Policy & Regulation
FARXIGA Phase III DAPA-CKD Trial Will Be Stopped Early After Overwhelming Efficacy in Patients with Chronic Kidney Disease
2 April 2020 - - The Dapagliflozin And Prevention of Adverse outcomes in Chronic Kidney Disease (DAPA-CKD) Phase III trial for FARXIGA (dapagliflozin) in patients with chronic kidney disease will be stopped early following a recommendation from an independent Data Monitoring Committee based on its determination of overwhelming efficacy, drugmaker AstraZeneca said.

The decision to stop the trial early was made following a routine assessment of efficacy and safety which showed FARXIGA's benefits earlier than originally anticipated and AstraZeneca will now initiate closure of the trial.

The primary endpoint of DAPA-CKD is a composite of worsening of renal function or death (defined as a composite endpoint of ≥50% sustained decline in estimated glomerular filtration rate, onset of end stage renal disease or cardiovascular or renal death) in patients with CKD irrespective of the presence of type-2 diabetes.

The full results will be submitted for presentation at a forthcoming medical meeting and AstraZeneca will now initiate discussions with global health authorities regarding early regulatory submissions.

In August 2019, the US Food and Drug Administration granted Fast Track designation for the development of FARXIGA to delay the progression of renal failure and prevent CV and renal death in patients with CKD.

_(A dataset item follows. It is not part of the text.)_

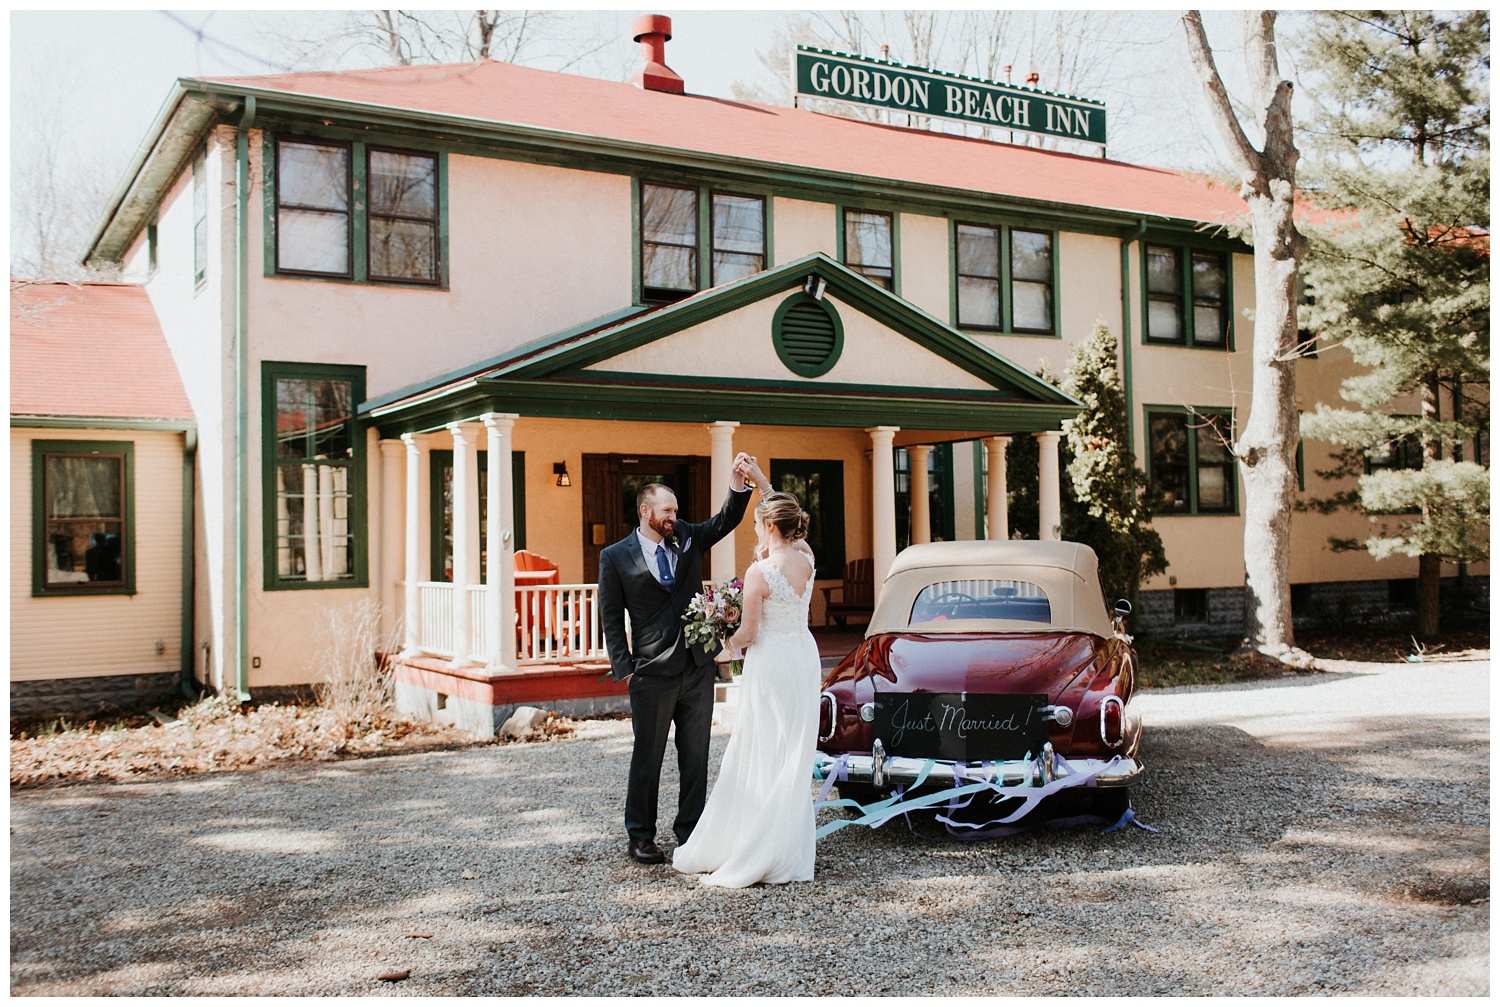 Gordon Beach Inn New Buffalo Wedding Photography53.jpg

In January 2020, following positive data for the landmark Phase III DAPA-HF Trial, the US Food and Drug Administration accepted a supplemental New Drug Application and granted Priority Review for FARXIGA to reduce the risk of CV death or the worsening of Heart failure in adults with heart failure with reduced ejection fraction (HFrEF) with and without Type-2 diabetes.

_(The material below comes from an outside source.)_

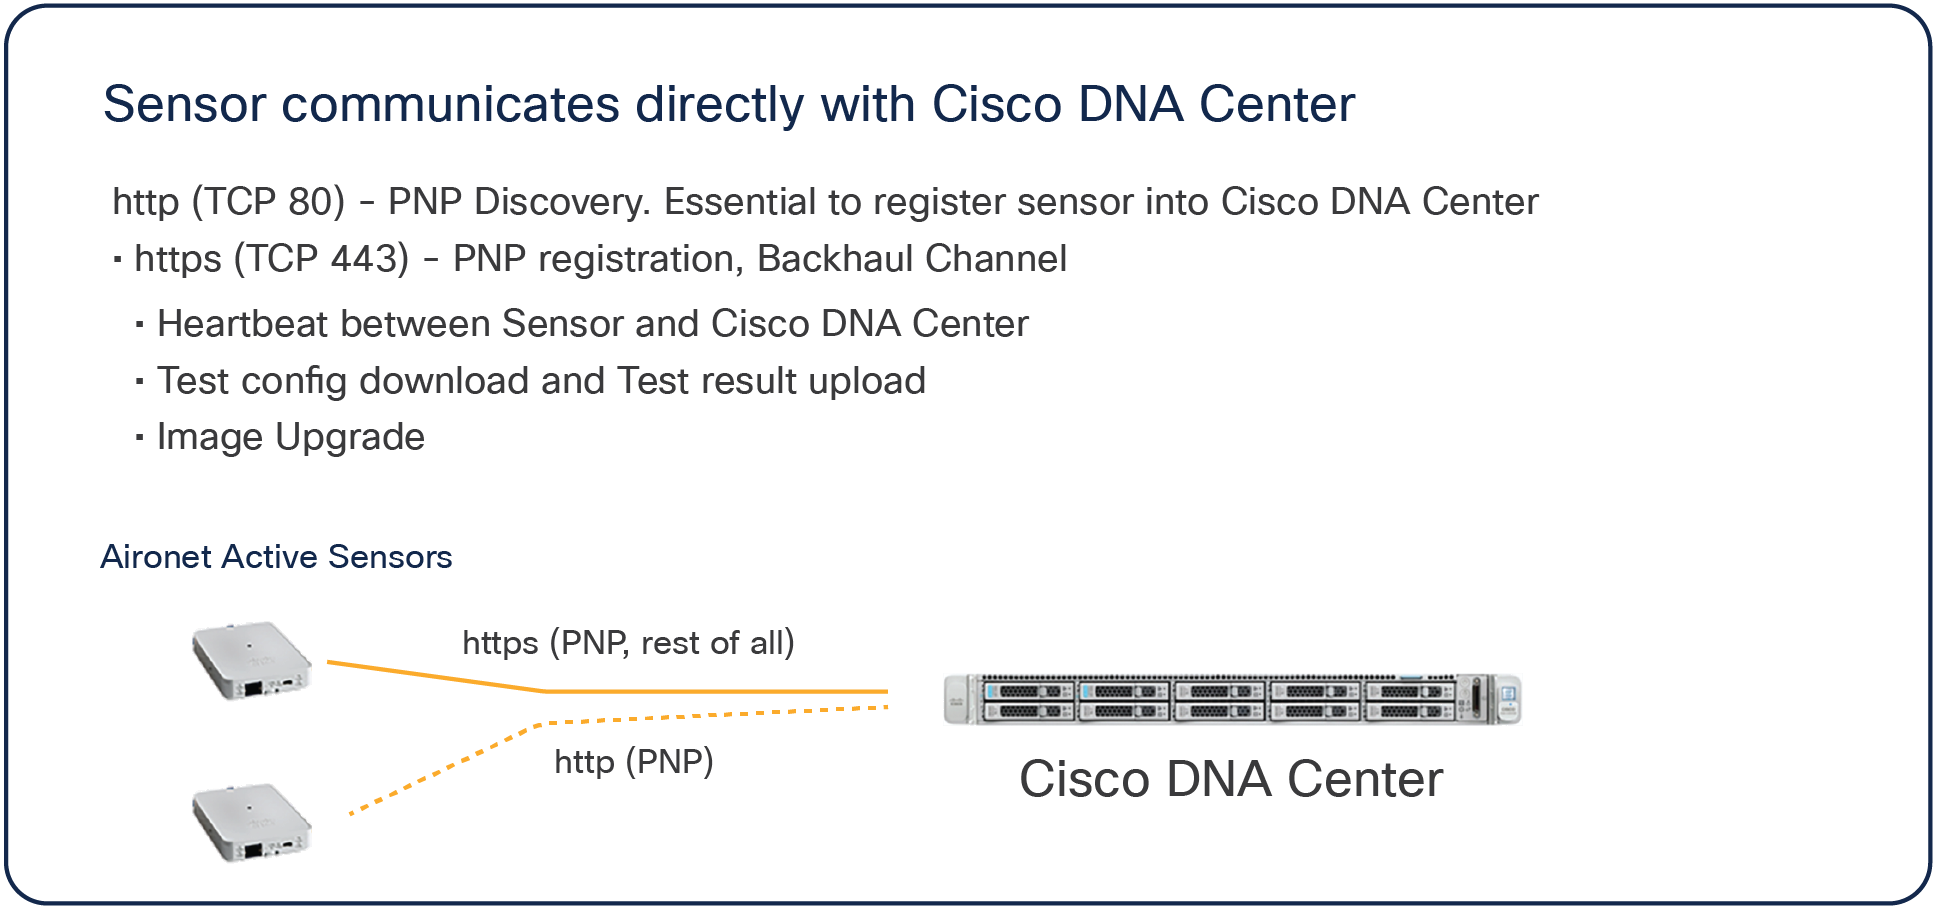 Network port between sensor and Cisco DNA Center

The Prescription Drug User Fee Act date, the FDA action date for this supplemental application, is scheduled for the second quarter of 2020.

FARXIGA is indicated as an adjunct to diet and exercise to improve glycemic control in adults with T2D. In the US it is also approved to reduce the risk of hospitalization for HF in patients with T2D and established CV disease or multiple CV risk factors.